- [TASK DESCRIPTION]:
Each line in the material below, starting at the one that contains "Official Presidential portrait" and ending at the one that contains "Астафьевская осень 2022", should be repeated exactly; the pictures should not.

- [RECORDS SHOWN]:

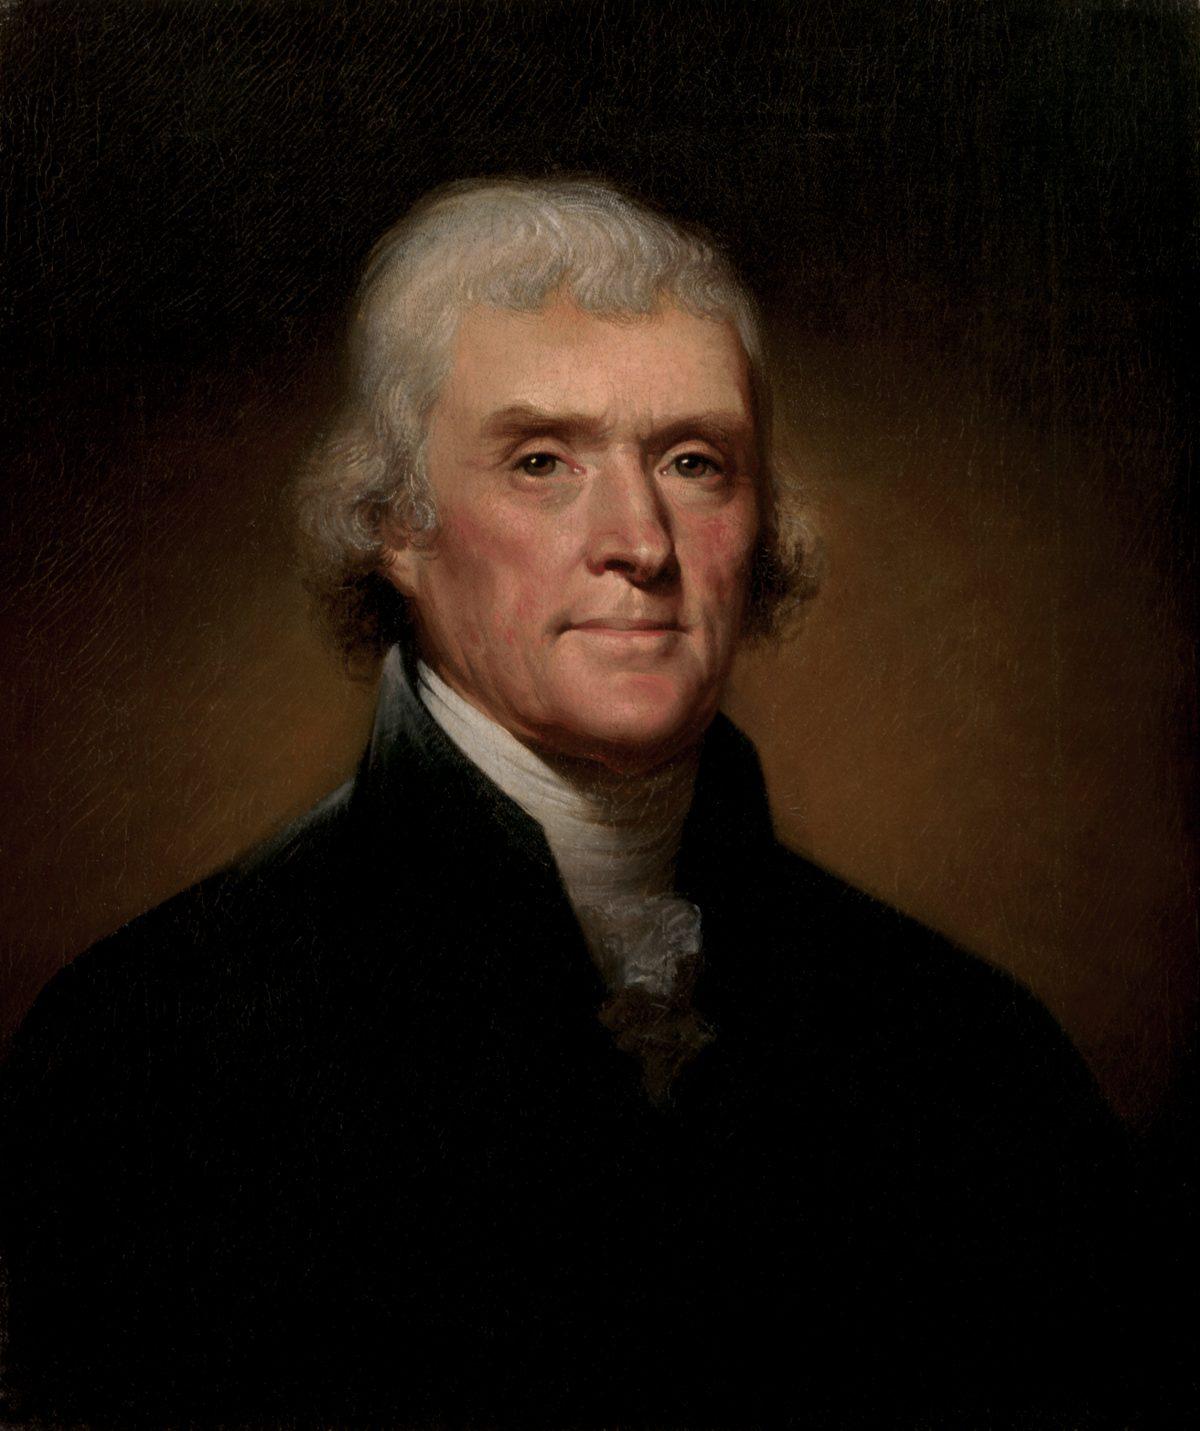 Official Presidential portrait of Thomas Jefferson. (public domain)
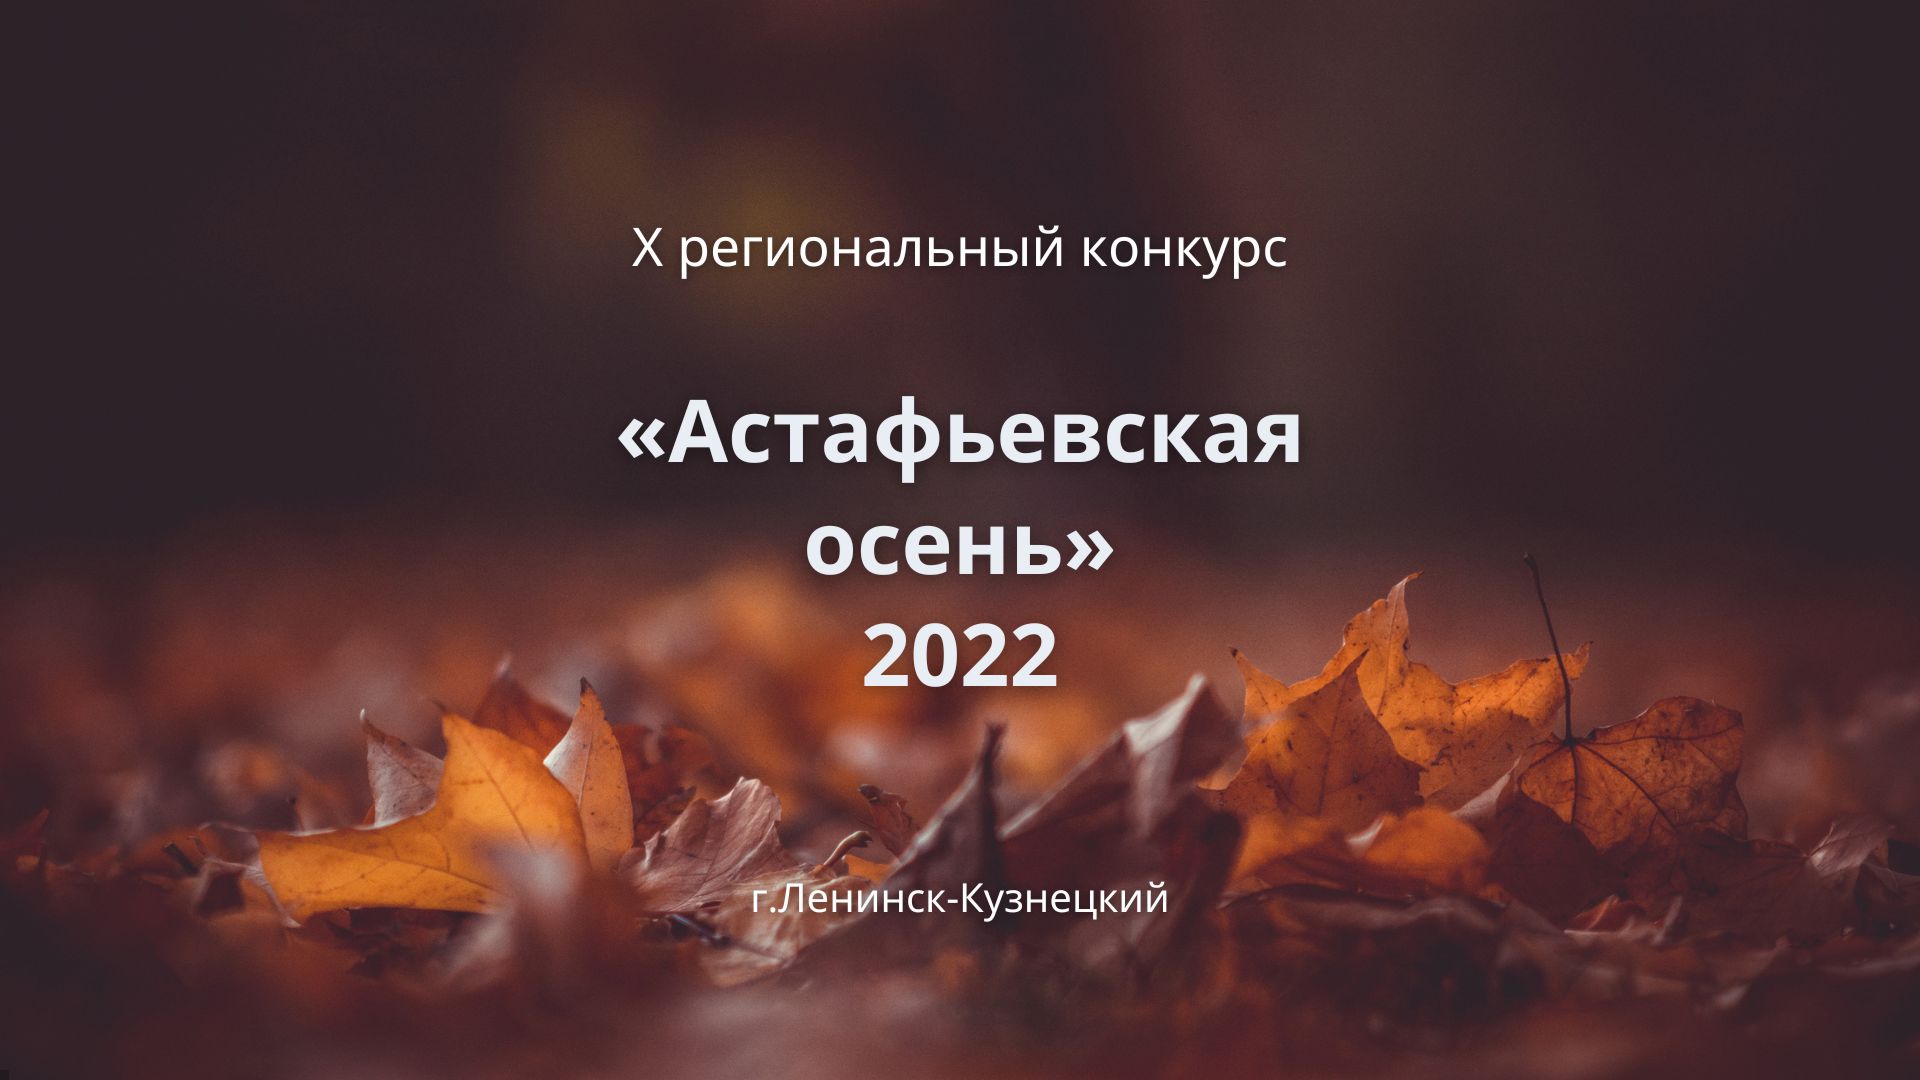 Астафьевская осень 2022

---

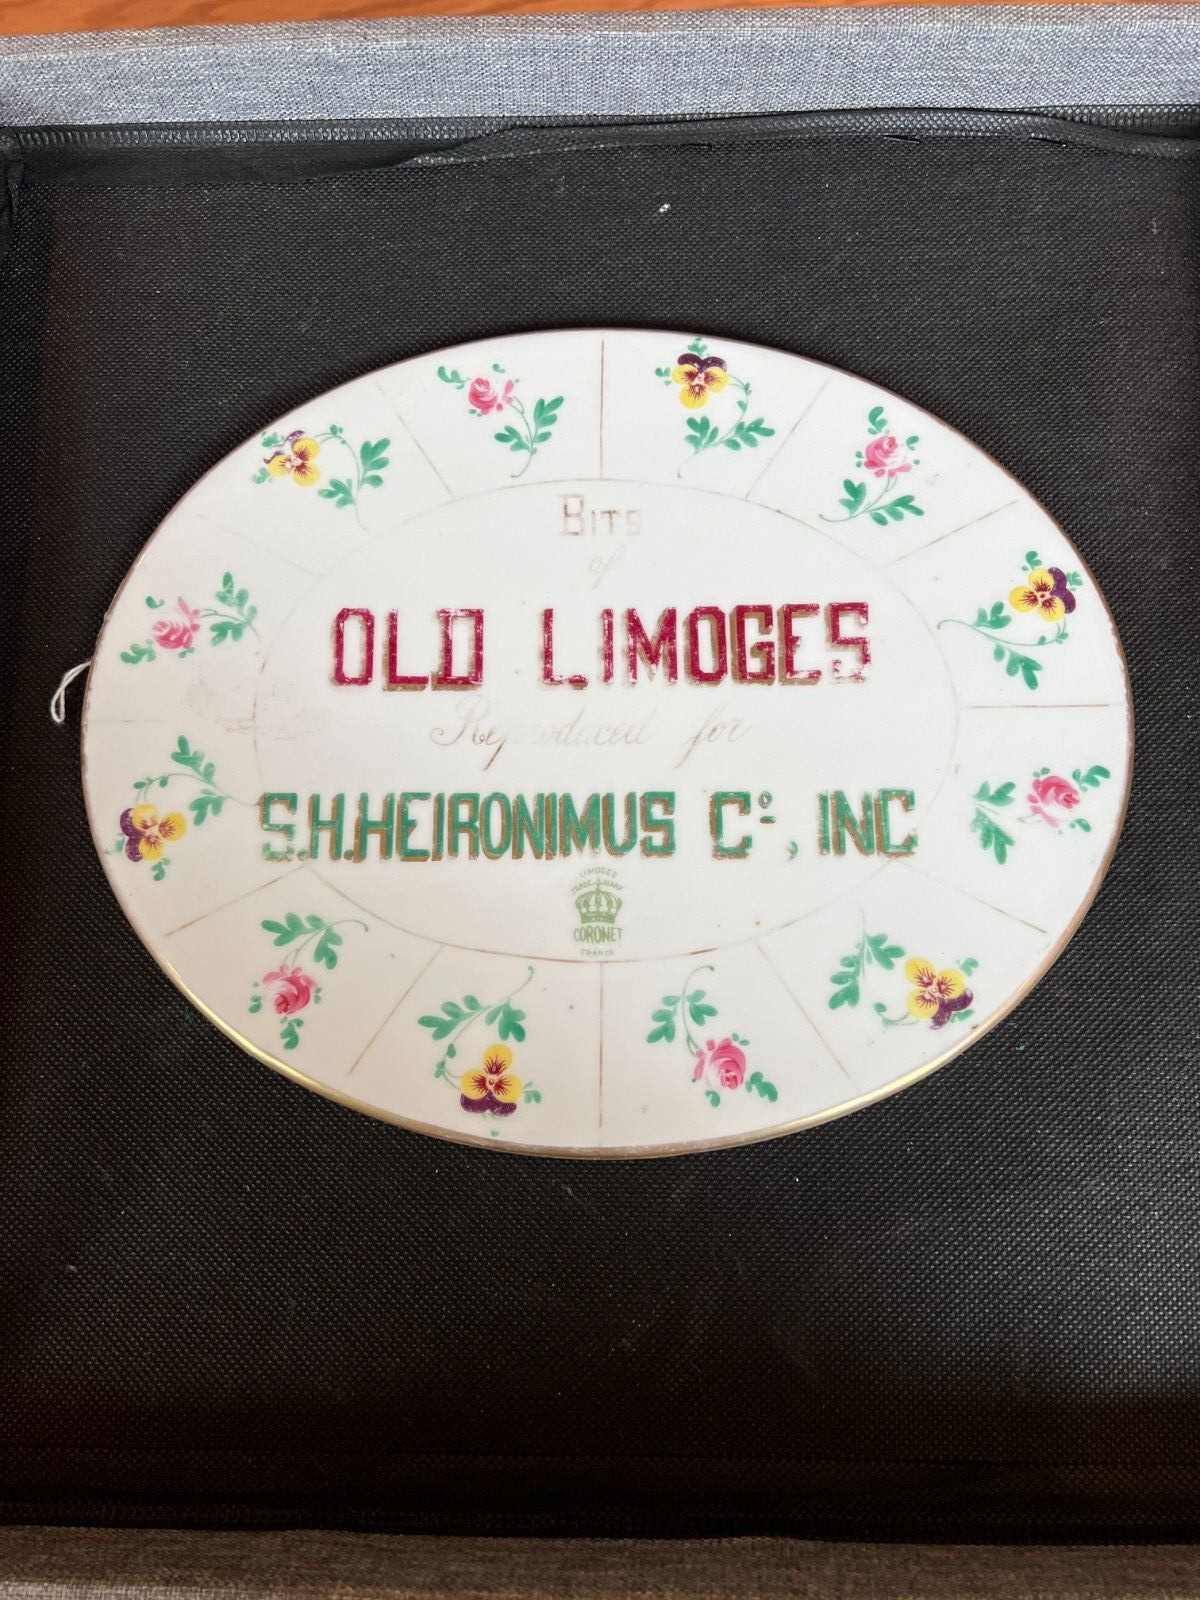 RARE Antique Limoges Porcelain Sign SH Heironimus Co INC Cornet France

- [YOUR SOLUTION]:
 Official Presidential portrait of Thomas Jefferson. (public domain)
 Астафьевская осень 2022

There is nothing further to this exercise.